Rencana pemerintah menaikkan tarif ojek online (ojol) dalam waktu dekat mendapat perhatian publik. Kementerian Perhubungan (Kemenhub) menyebutkan bahwa tarif ojol roda dua akan mengalami kenaikan hingga 15 persen. Penyesuaian tarif ini akan diterapkan secara berbeda di tiap zona, mengikuti pembagian wilayah operasional yang telah ditentukan. Kebijakan ini diambil untuk menyeimbangkan kebutuhan pengguna, mitra pengemudi, dan aplikator.
Meski demikian, Peneliti Pusat Studi Transportasi dan Logistik (Pustral) UGM, Dwi Ardianta Kurniawan, mengingatkan bahwa kenaikan tarif tidak otomatis meningkatkan pendapatan mitra. Ia menilai bahwa perilaku konsumen cenderung responsif terhadap perubahan harga, terutama untuk perjalanan jarak pendek. Dwi menambahkan bahwa analisis permintaan sangat penting agar kebijakan ini tidak justru berbalik merugikan mitra ojol sendiri. “Pengalaman yang lalu, kenaikan tarif akan menurunkan permintaan antara 30%-50% untuk perjalanan jarak pendek, yang tentu justru akan menurunkan pendapatan semua pihak,” ungkapnya, Kamis (24/7).

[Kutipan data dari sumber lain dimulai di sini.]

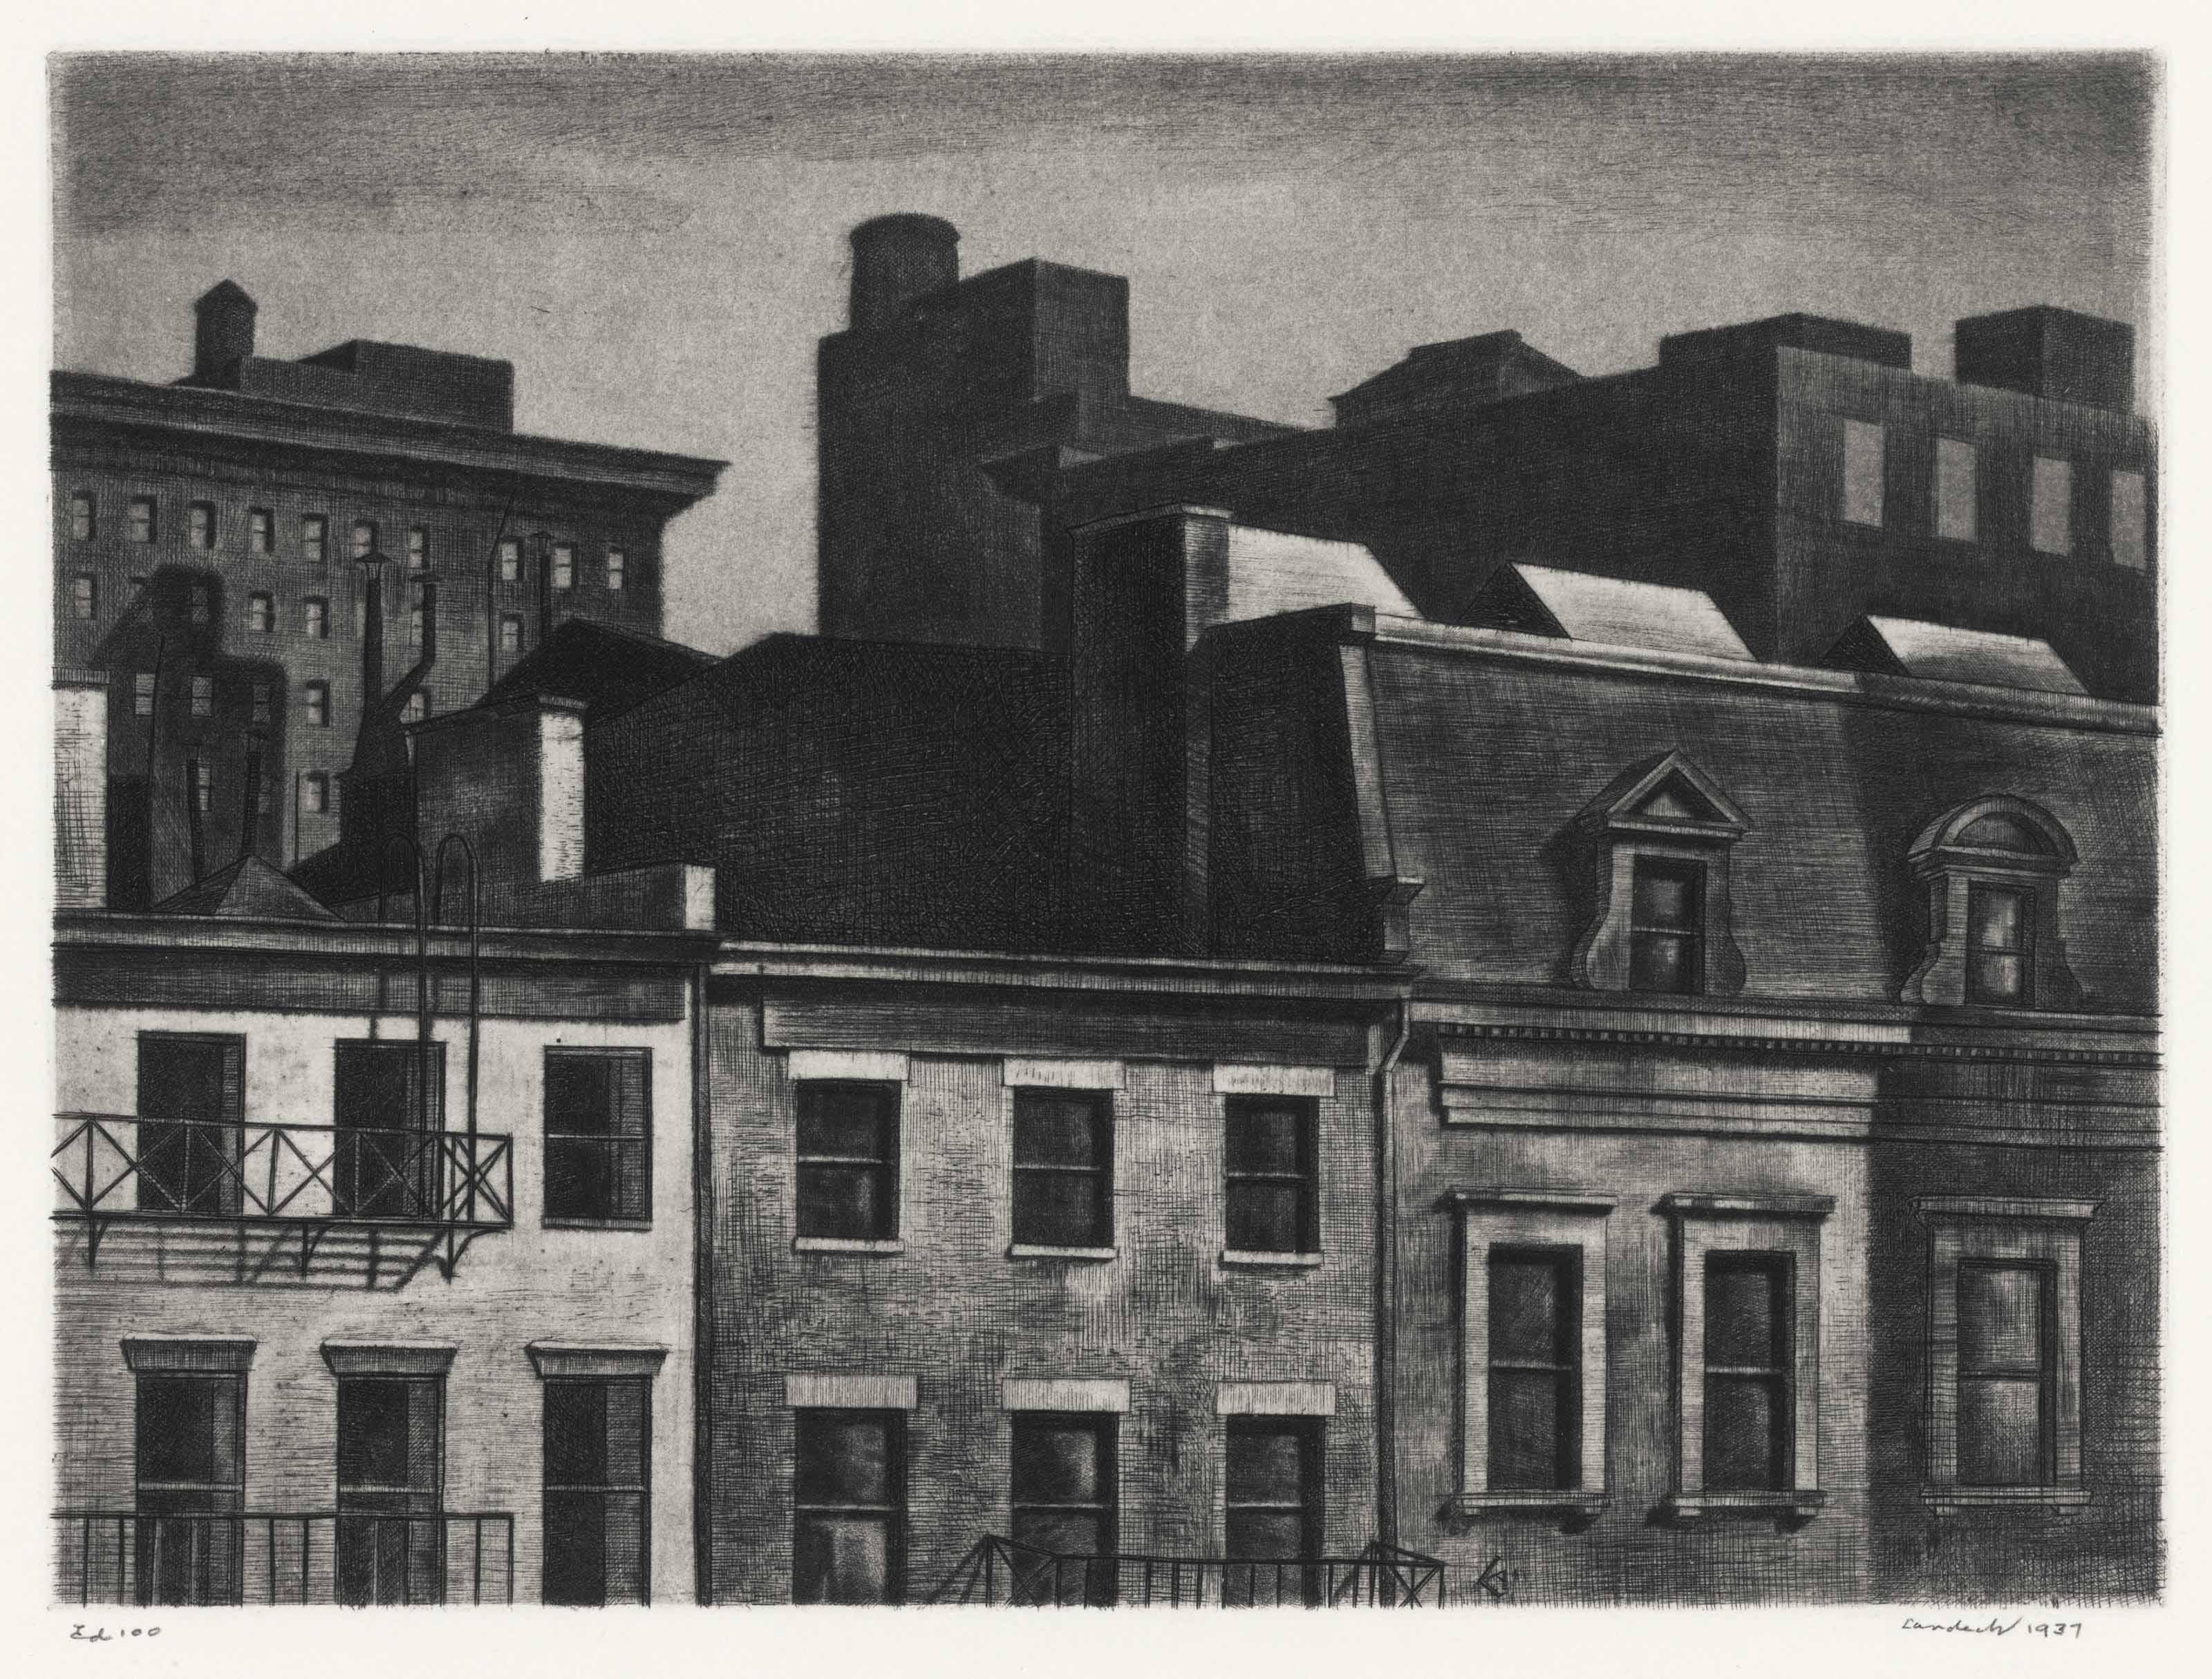 Housetops, 14th Street

Lebih lanjut, Dwi mengungkapkan bahwa tantangan utama di lapangan adalah dinamika sistem pentarifan yang kompleks dan berdampak luas. Jumlah mitra ojol yang sangat besar, diperkirakan antara 4 hingga 7 juta orang di Indonesia, membuat kebijakan tarif menjadi isu sensitif. Ia menjelaskan bahwa pada awal kemunculan transportasi daring, banyak orang memilih berhenti dari pekerjaan tetap untuk menjadi mitra ojol karena potensi penghasilan yang tinggi. Namun kini, ketika pendapatan tidak lagi sebesar dulu, para mitra kerap merasa dirugikan, meski kenyataannya lebih berkaitan dengan perubahan standar dan ekspektasi pendapatan yang tidak lagi sama. Ia menilai perlunya penyesuaian ekspektasi antara mitra, aplikator, dan pengguna.
Di sisi lain, keberadaan aplikator sebagai entitas bisnis tetap mengedepankan profitabilitas. Hingga triwulan IV 2024, perusahaan Goto masih mencatatkan kerugian, sementara Grab mulai membukukan laba setelah merugi dalam dua triwulan sebelumnya. Dalam konteks ini, pemerintah memiliki peran penting sebagai regulator yang netral dan adil. Dwi menyebut bahwa fungsi pengawasan dan pengaturan harus dijalankan dengan tegas agar tercipta keseimbangan antara kepentingan bisnis dan perlindungan terhadap mitra. Keseimbangan ini menjadi kunci agar industri transportasi daring tetap berkelanjutan.
Untuk menghadapi kompleksitas tersebut, Dwi menawarkan solusi agar kebijakan tarif dapat menguntungkan semua pihak, terutama mitra dan konsumen. Ia menekankan pentingnya memiliki patokan pendapatan yang dianggap wajar bagi mitra ojol. “Semua pihak harus melihat dengan jernih untuk menilai seberapa besar sebenarnya tingkat kewajaran pendapatan yang berhak diterima oleh mitra. Besaran UMR dapat menjadi acuan kewajaran pendapatan yang diterima oleh mitra ojol sebagaimana acuan pada sektor lainnya,” jelasnya.
Menutup keterangannya, Dwi menyampaikan harapan agar kebijakan tarif ojol ke depan didasarkan pada transparansi dan kejelasan mekanisme. Salah satu aspek penting yang perlu diperjelas adalah proporsi pembagian hasil antara aplikator dan mitra, yang selama ini sering menjadi sumber ketegangan. Ia menekankan bahwa keberlanjutan industri ojol sangat bergantung pada rasa saling memahami dan mekanisme tarif yang akuntabel. “Semua pihak harus menyadari bahwa tingkat tarif yang wajar sangat penting untuk menjaga agar industri tetap berjalan, karena apabila salah satu pihak memaksakan kehendak maka justru akan merugikan ekosistem secara keseluruhan,” pungkasnya.